Climate Change Makes Human Sleep Time Decrease, In 2099 People Only Sleep 10 Minutes

JAKARTA - Climate change is predicted to trigger forest fires and melt polar glaciers. But a new study claims it will also deprive us of a comfortable night's rest.

Researchers have studied global weather data and information from sleep trackers that people use to predict future effects on our sleep.

By 2099, temperatures will reduce between 50 and 58 hours of sleep per person per year, to just under 10 minutes per night.

According to research, the effect of temperature on sleep deprivation will be much greater for residents of low-income countries, such as India, as well as for adults and older women.

Overall, adults would fall asleep later, wake up earlier, and sleep less during future hot nights, which would put them at risk of 'multiple adverse physical and mental outcomes'.

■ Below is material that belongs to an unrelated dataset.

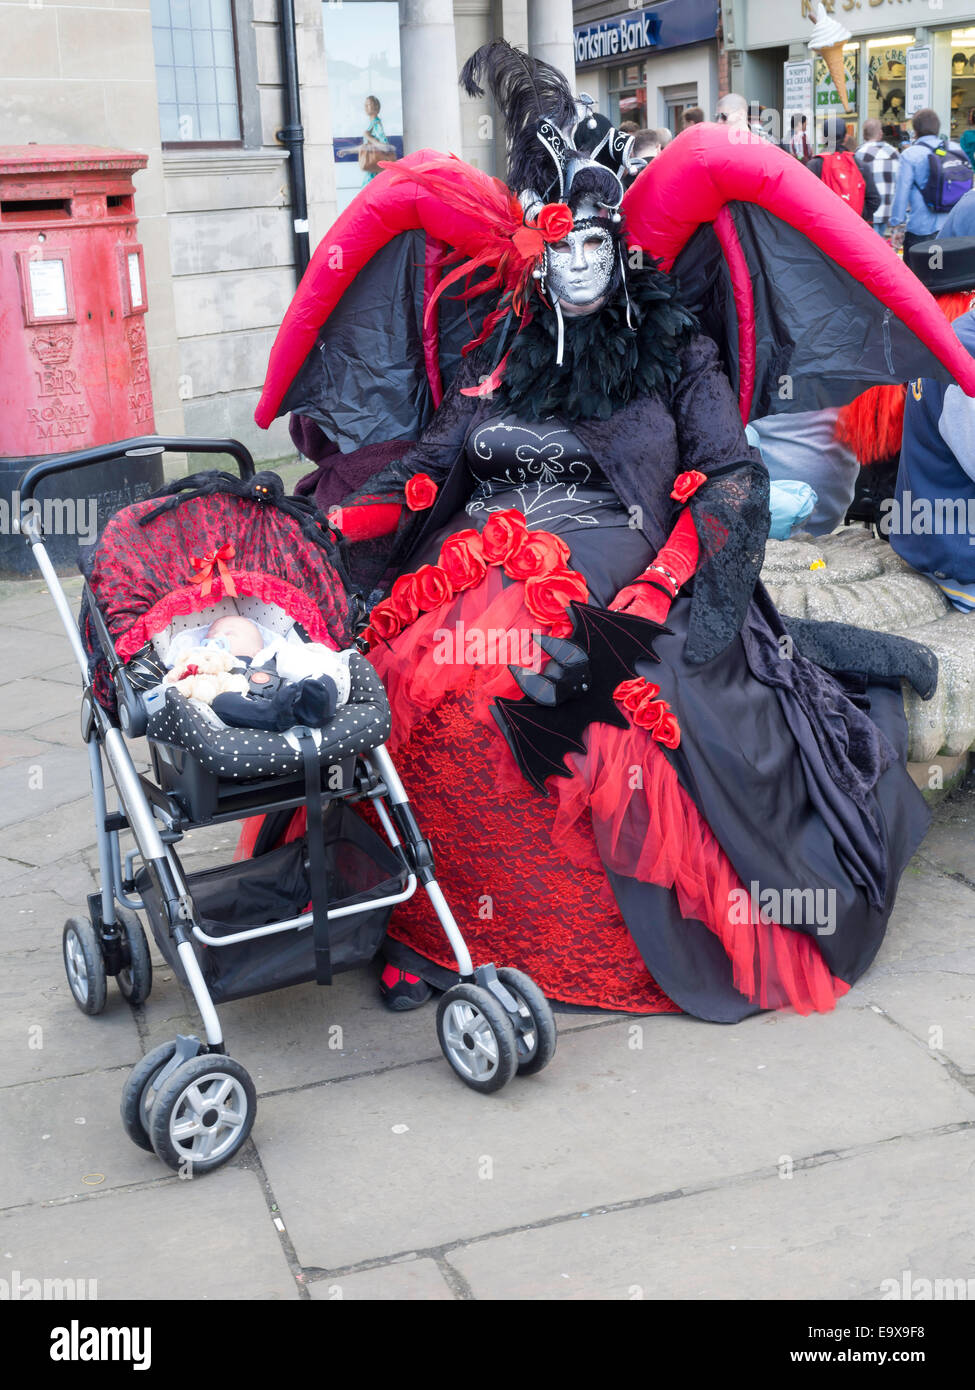 A woman in an inflatable bat costume seated with a baby doll dressed as Goths at the Whitby Goth Week End Autumn 2014 Stock Photo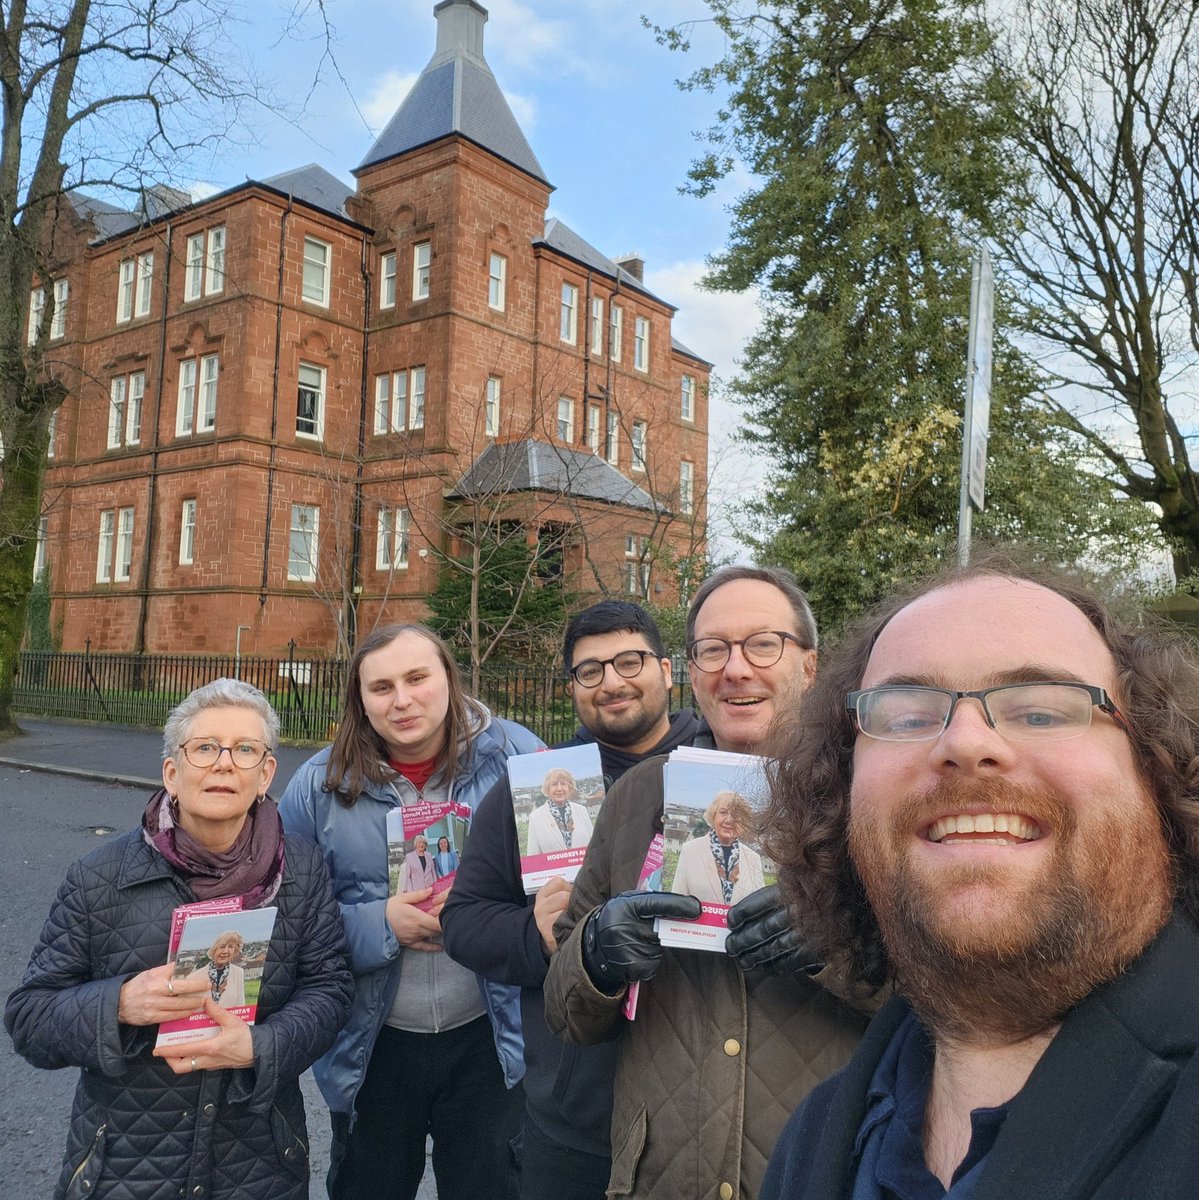 🌲After a short break, back out on the #LabourDoorstep in The Avenues this evening. 👋Some had already decided they were voting for @PJFerguson18 and want a #GeneralElectionlNow to let them. 🚐Loads of people looking again at Labour, after feeling let down by the SNP.

Higher global temperatures will eat away at our total sleep because the core body temperature needs to drop to fall asleep. However, this becomes more difficult to achieve as the temperature around us gets hotter.

"Our bodies are highly adapted to maintain a stable core body temperature, something on which our lives depend," said study author Kelton Minor at the University of Copenhagen, Denmark.

"But every night they do something extraordinary without most of us knowing it - they release heat from our core into the environment by dilating our blood vessels and increasing blood flow to our hands and feet," Minor said, as quoted by the Daily Mirror. '

"In order for our bodies to transfer heat from these extremities, the surrounding environment must be cooler than ours," says Minor. In the tropics, many people use air conditioners or air conditioners to achieve a good night's sleep.

For the study, the research team used anonymous global sleep data collected from sleep tracking bracelets that detect sleep and wake patterns.

The data includes 7 million sleep records from more than 47,000 adults in 68 countries spanning all continents except Antarctica, including the UK, US, Australia, France, India, Mexico and Canada.

This was then compared to measurements of global weather over time, which allowed the team to find patterns between the two factors and make predictions for the future.

The study found that on very warm nights hotter than 86°F (30°C), sleep decreased by more than 14 minutes on average. The odds of getting less than seven hours of sleep also increased as the temperature rose.

Under the normal routine of living, people seem much better at adapting to colder outside temperatures than to hotter conditions.

"Across different seasons, demographics, and climatic contexts, warmer outside temperatures consistently erode sleep, with the amount of sleep deprivation increasing as temperatures get warmer," Minor said.

One important observation is that people in developing countries appear to be more affected by these changes. However, the limitation of this study is that it does not take into account artificial cooling technologies such as air conditioning.

It is possible that the greater prevalence of AC in developed countries played a role in these results. Also, there is a paucity of sleep tracking data from Africa, which experiences particularly severe heat compared to other parts of the world.

According to experts, future research should consider more vulnerable populations, particularly those living in the hottest and historically poorest regions of the world.

Recent self-reported data from the US show that subjective sleep quality declines during periods of hot weather. But how temperature fluctuations might affect changes in objective sleep outcomes in people living in different global climates remains unclear.

"In this study, we provide the first planetary-scale evidence that warmer-than-average temperatures are eroding human sleep," said Minor.

"We show that this erosion occurs primarily by delaying when people fall asleep and by advancing when they wake up in hot weather," Minor added, as in the study published in the journal One Earth.